Posted by: Waldo Jaquith at July 21, 2004 01:12 AM

Hey Aaron,
Great Job putting this together. Have a Great Time at the Convention. Get me a nice shot of the Kerry Girls!(just kidding--no I'm not!)
Seriously,this blog is a great idea.Virginians need to know that there are a lot of Dems in the woodwork and maybe this'll help bring them out to meet each other for the sake of DEMOCRACY.
Looking forward to meeting up with you to talk "shop"sometime!

Posted by: Rayzor Bachand at July 21, 2004 04:00 PM

Waldo, there are a number of good Virginia poltical blogs floating around out there.

My all-time favorite is Bob Griendling's Commonwealth Commonsense, for Virginia-specific political content and outstanding analysis.

There are also (in no particular order):

http://gotv.blogspot.com
http://blog.vayd.org
http://tsuredzuregusa.blogspot.com (my blog)
http://www.peoplepowereddigest.com/
http://www.myownbackyard.blogspot.com/

Plus, I am working with the alumni of Campaign 101 to set up a collaborative blog to explore youth perspectives on politics and policy in Virginia. We're just getting it off the ground, but you can see the barebones at http://c101.blogspot.com .

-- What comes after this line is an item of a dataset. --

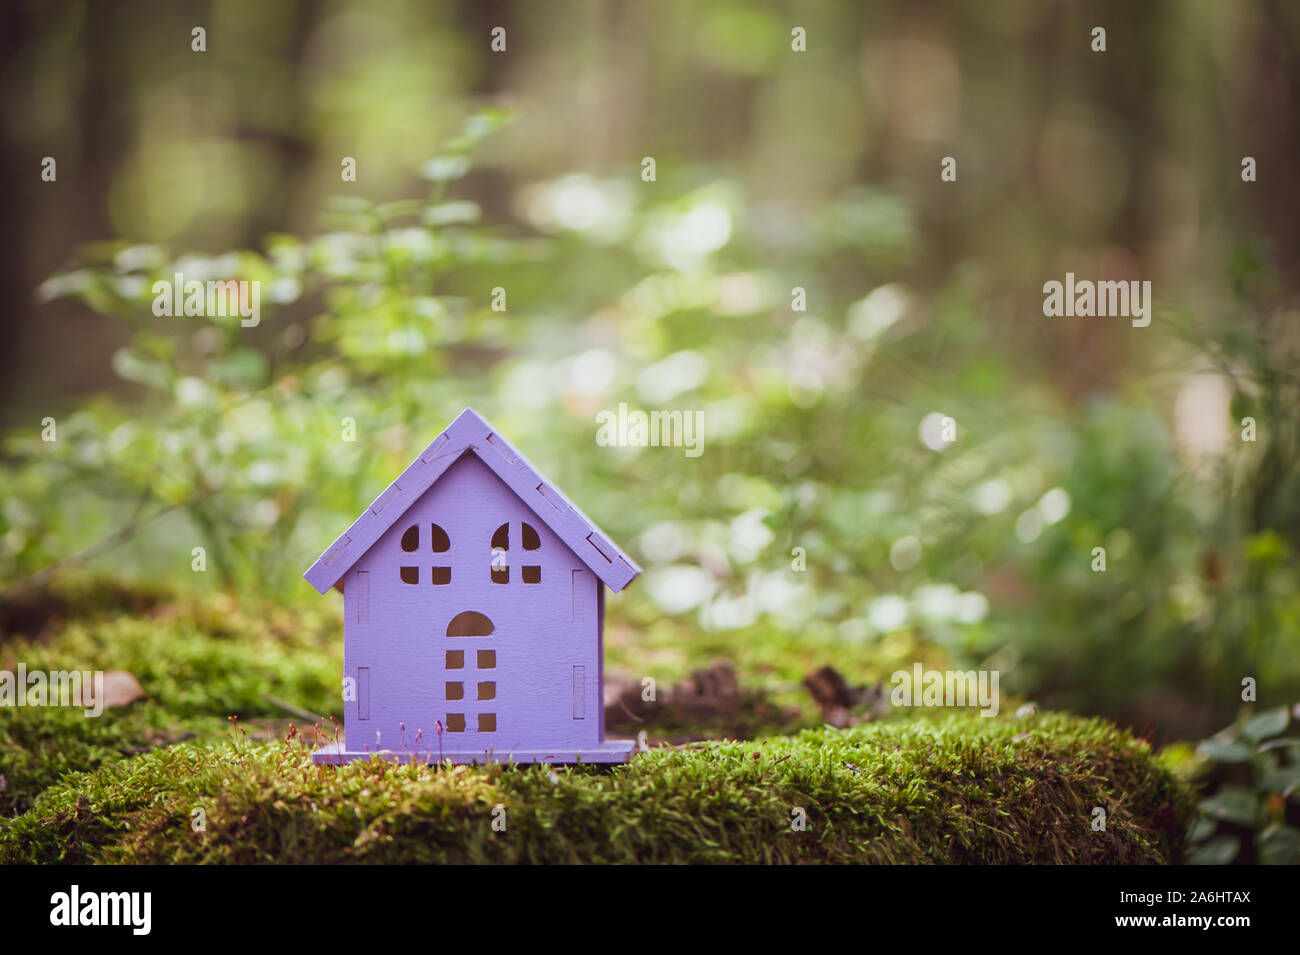 Fabelhaft, Spielzeug, Haus, die Farben von Lavendel, vor dem Hintergrund einer märchenhaften Wald. Konzept gemütliches Heim, gemütliche Welt. Stockfoto

If you know of any other Virginia political blogs, please let me know. And I'll be keeping an eye on yours, too.

Posted by: Shaula Evans at July 22, 2004 12:11 AM

Thanks for the list, Shaula -- I've added all of them to my blogroll and, where possible, to my feed reader. Now if we could just get them all aggregated... :)

Posted by: Waldo Jaquith at July 22, 2004 02:26 PM

Aaron;

The site is great. Thanks for taking the time to set it up. It will provide Virginia Democrats with a unique way to experience the convention. It will also help strengthen the party by providing a source of information and discussion in the future. Great job! Have a great time at the convention and tell Ruth Anne, Laura and crew that I said hello.